#### Task directions
The response should consist of the data below, copied exactly, with no pictures in it.

#### Data below

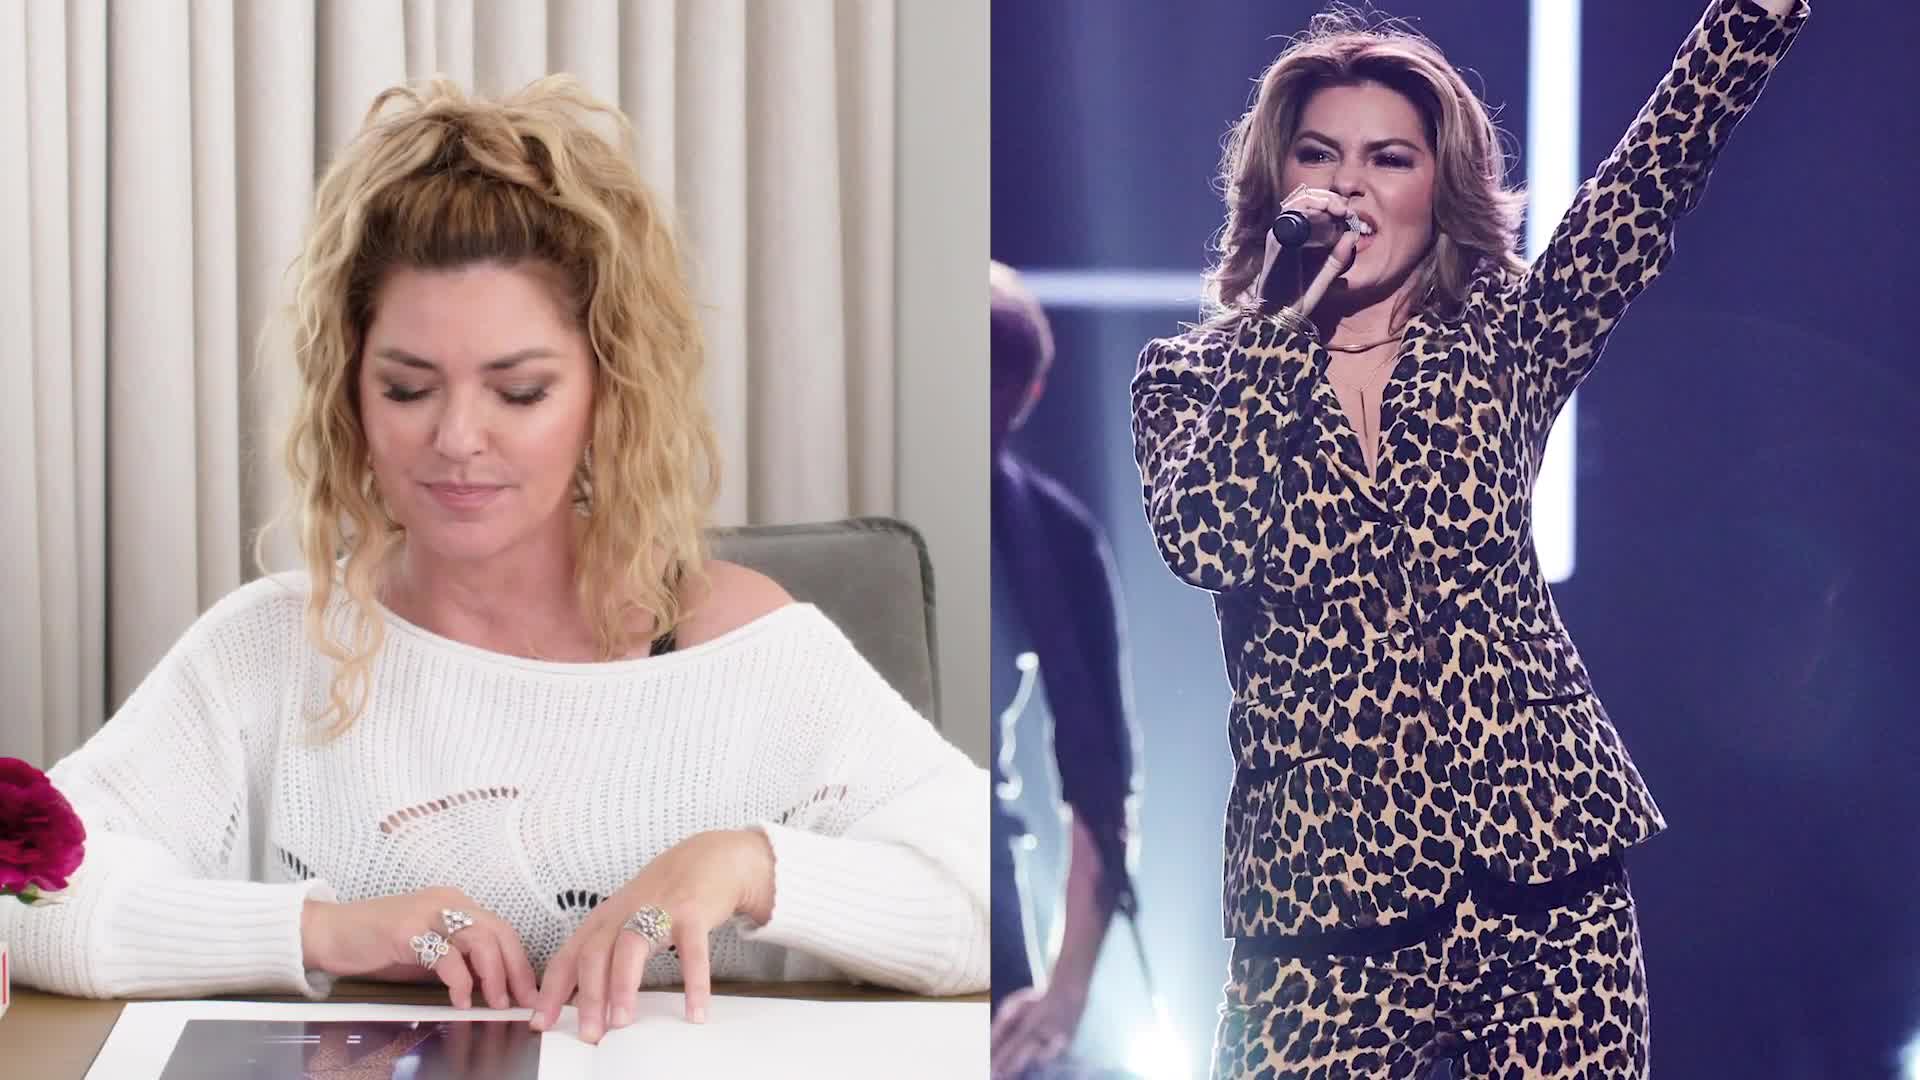 Watch Shania Twain on Her Best Fashion Moments, From Leopard
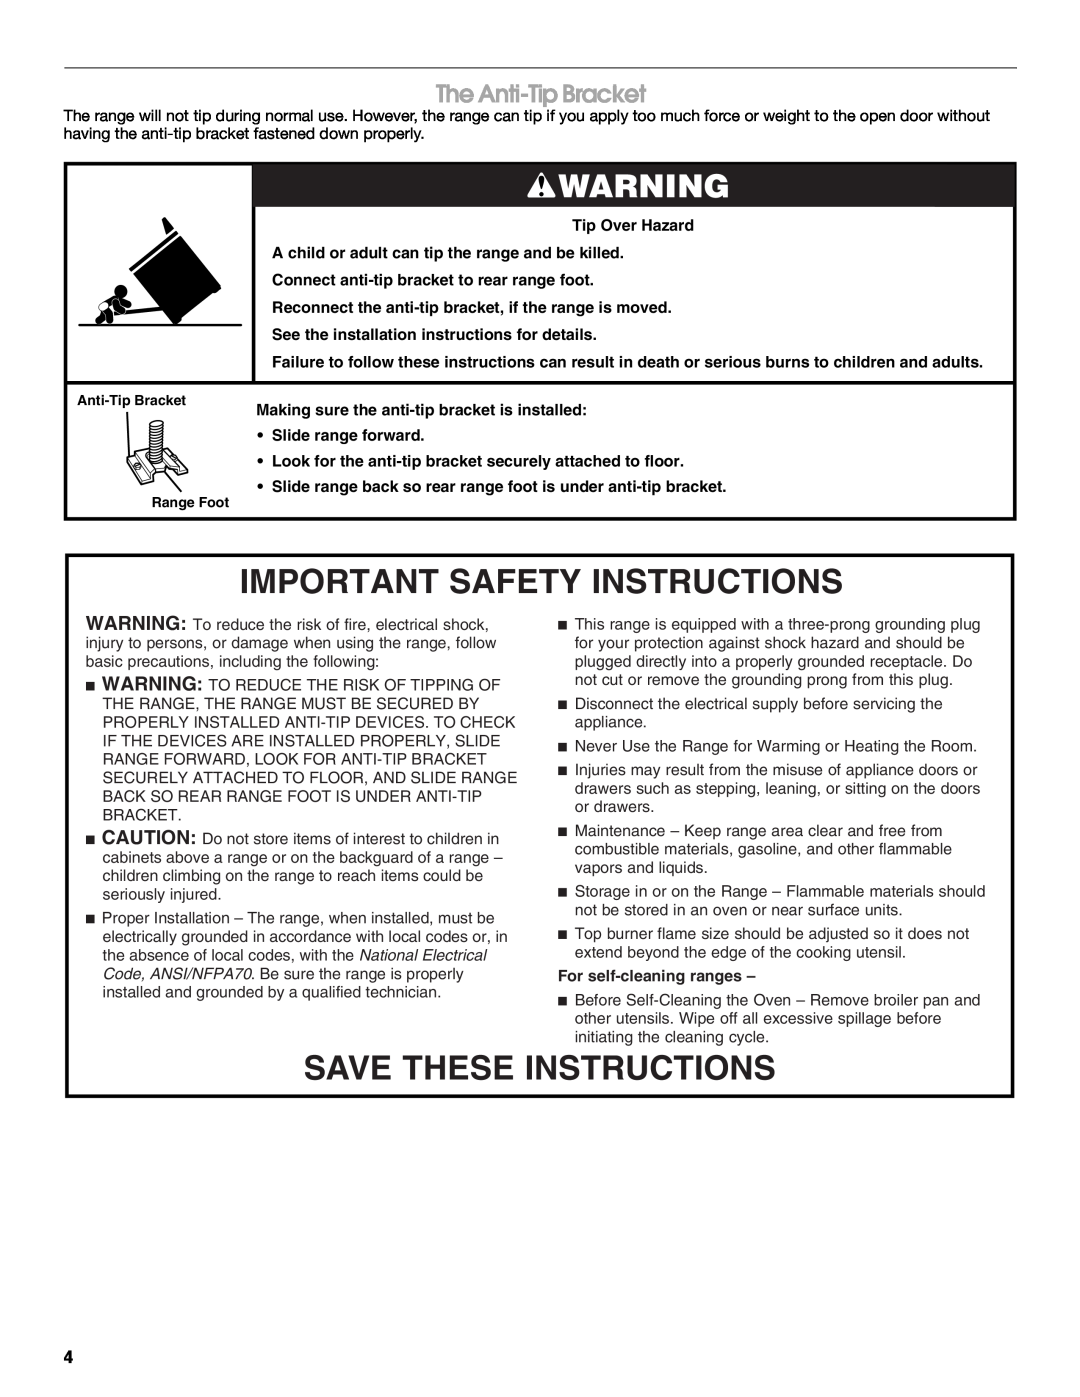 Whirlpool W10017570 The Anti-Tip Bracket, Important Safety Instructions, Save These Instructions, For self-cleaning ranges 
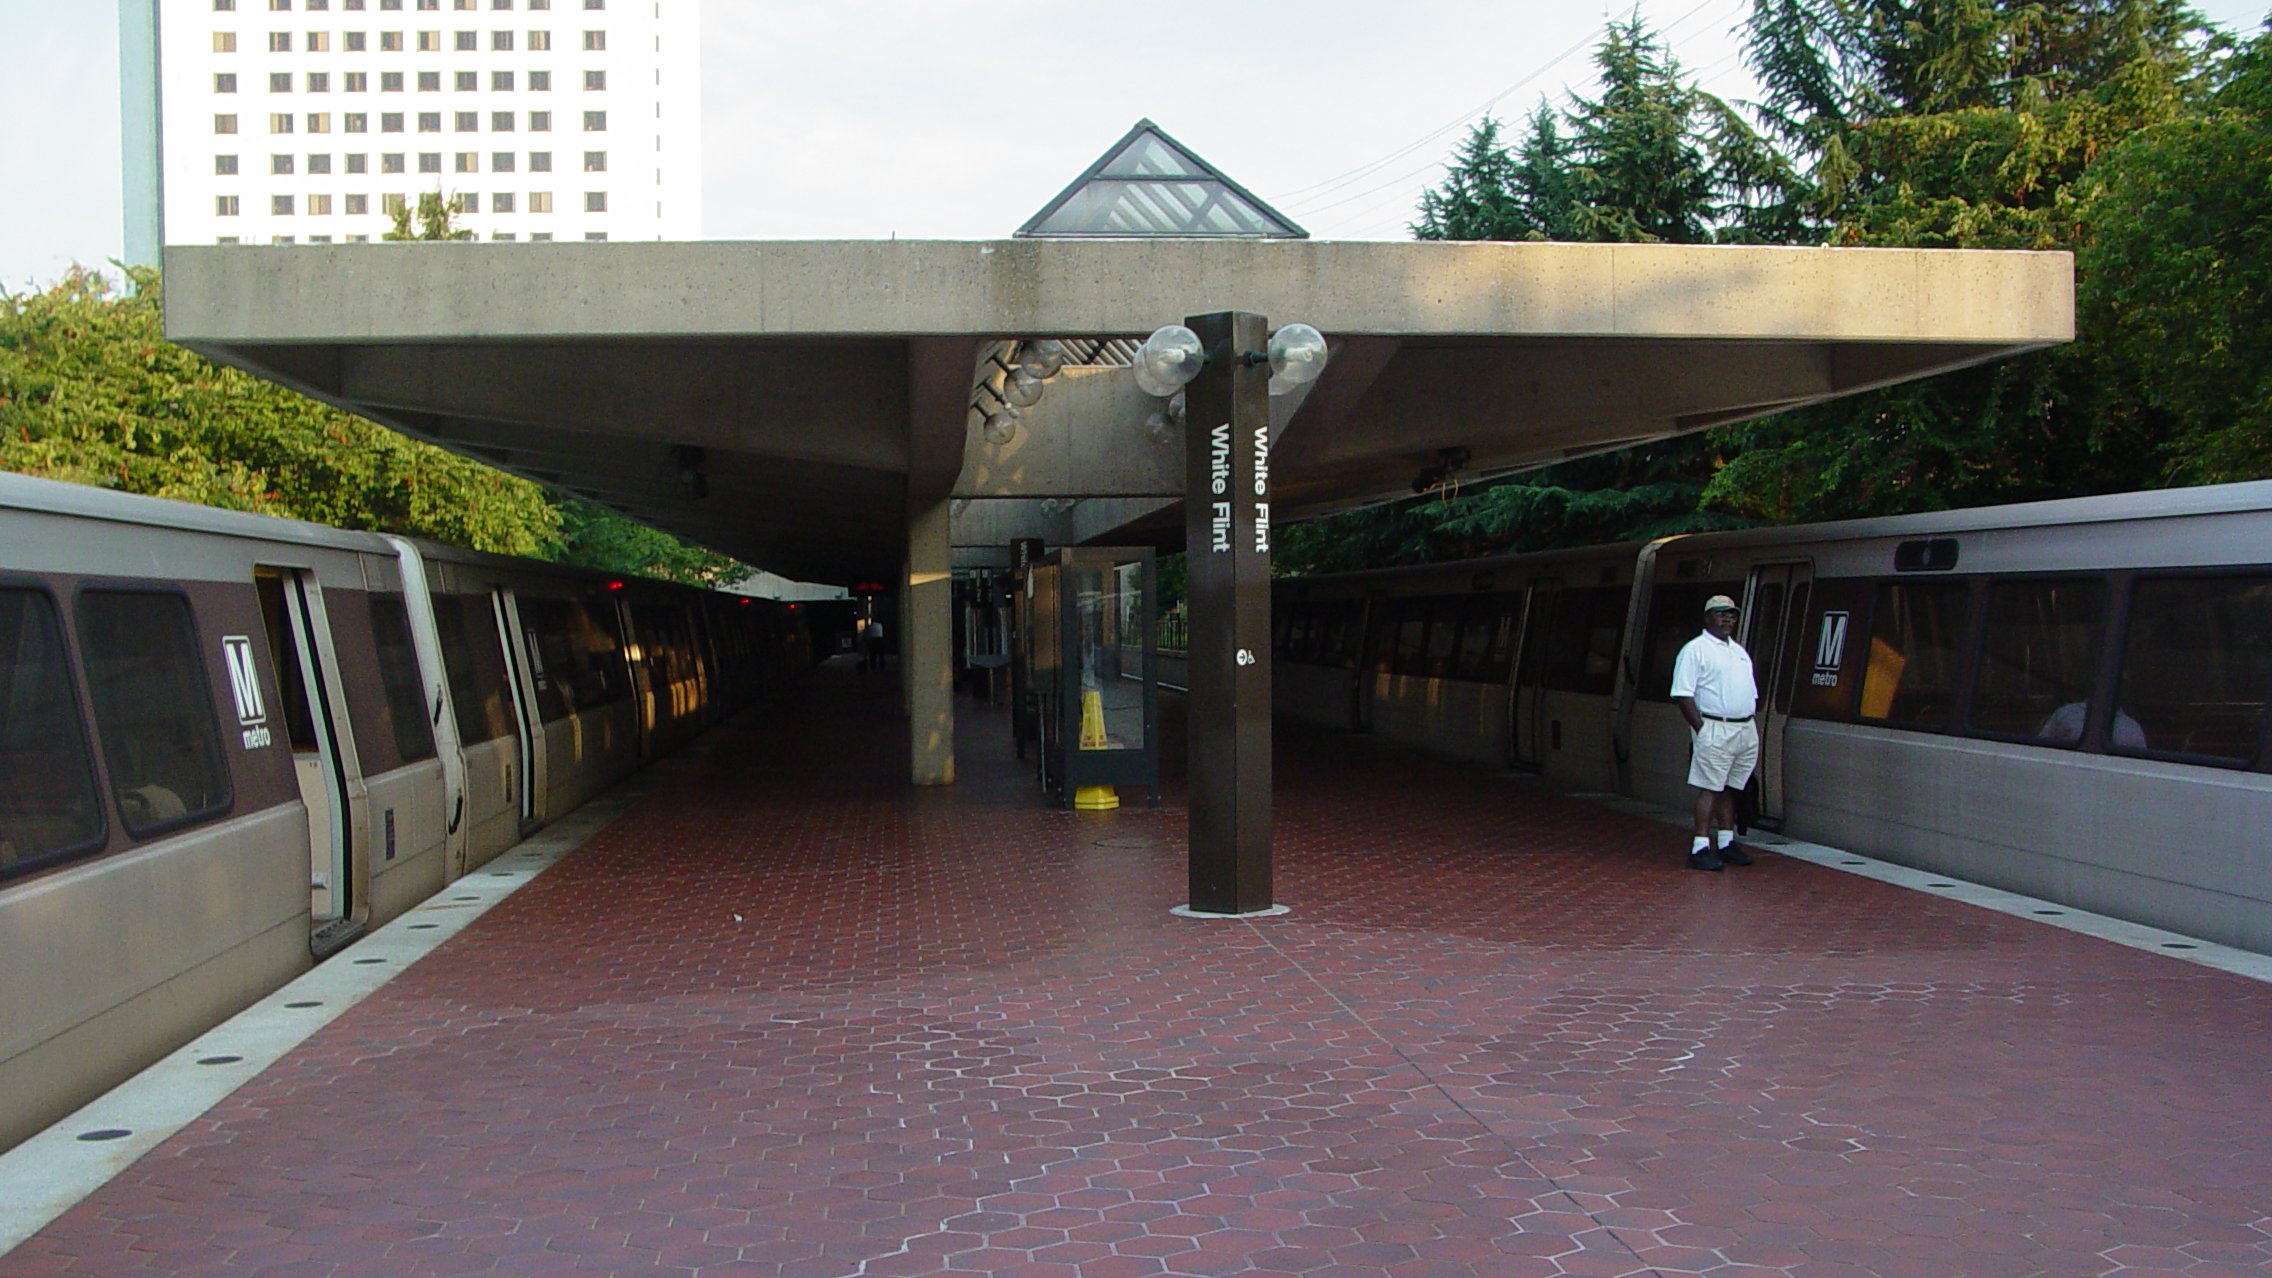 A view of the White Flint Metro station.
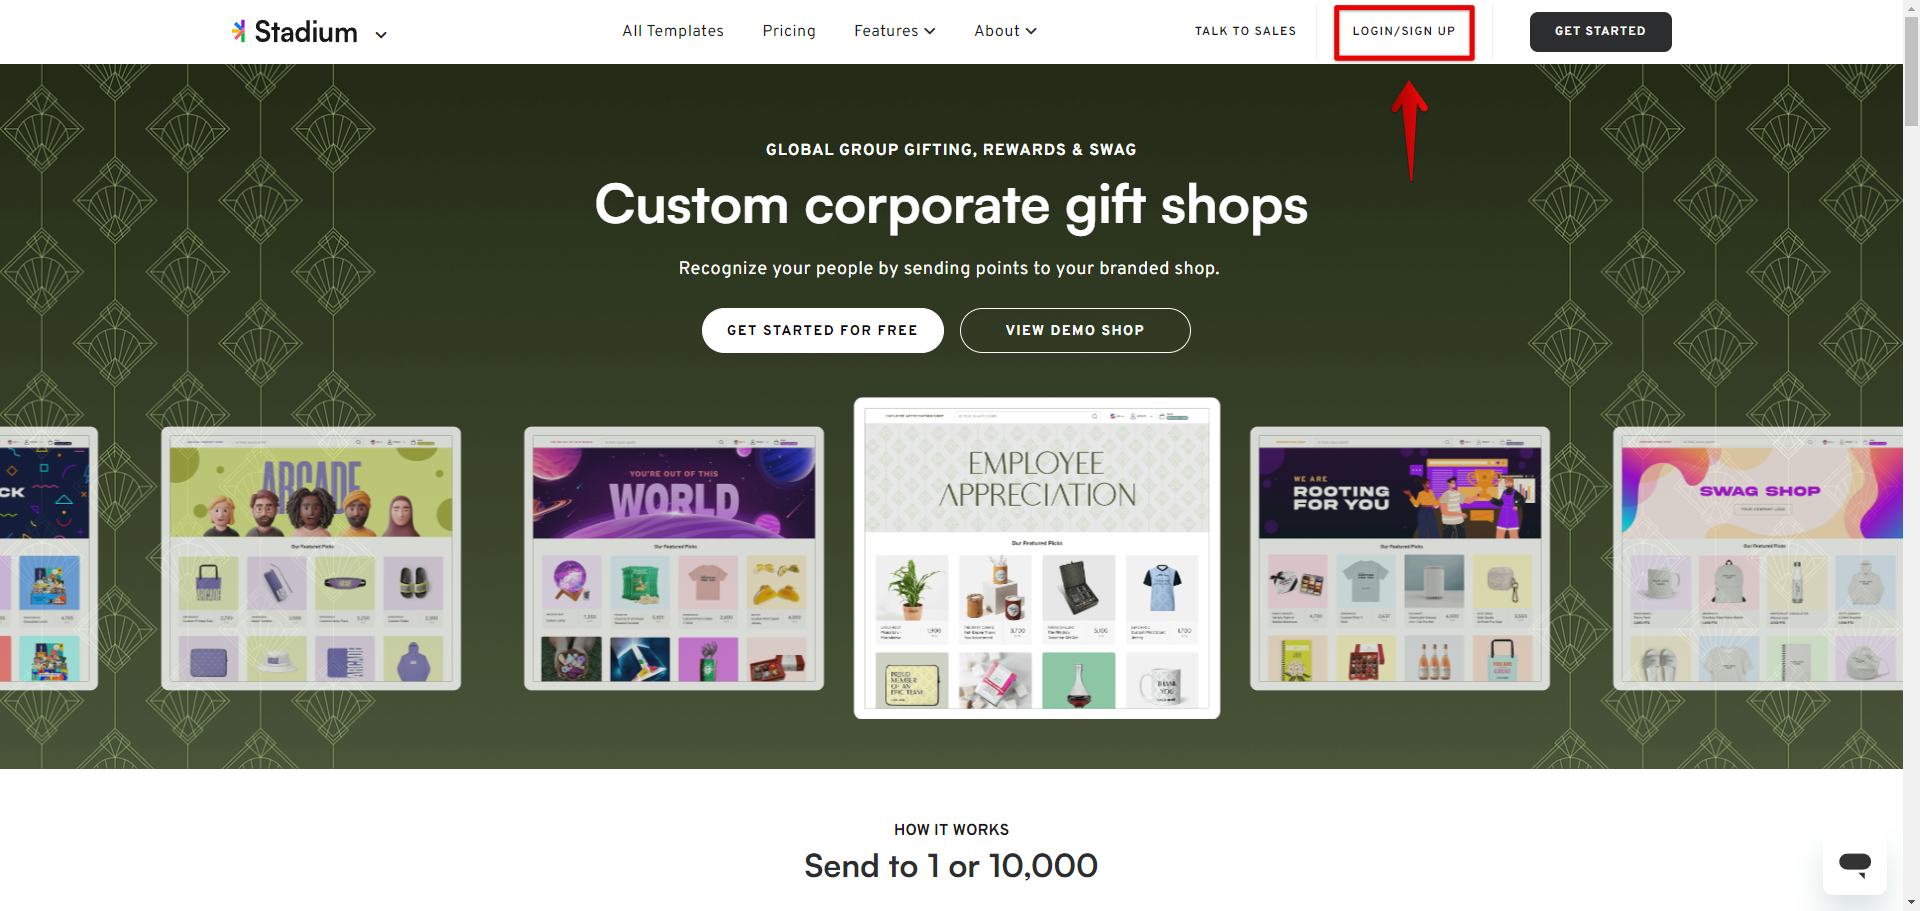 Stadium Shops – Global Group Gifting, Rewards and Swag 2024-01-26 05-20-09.png

#### Result for this task
 Watch Shania Twain on Her Best Fashion Moments, From Leopard
 Whirlpool W10017570 The Anti-Tip Bracket, Important Safety Instructions, Save These Instructions, For self-cleaning ranges 
 A view of the White Flint Metro station.
 Stadium Shops – Global Group Gifting, Rewards and Swag 2024-01-26 05-20-09.png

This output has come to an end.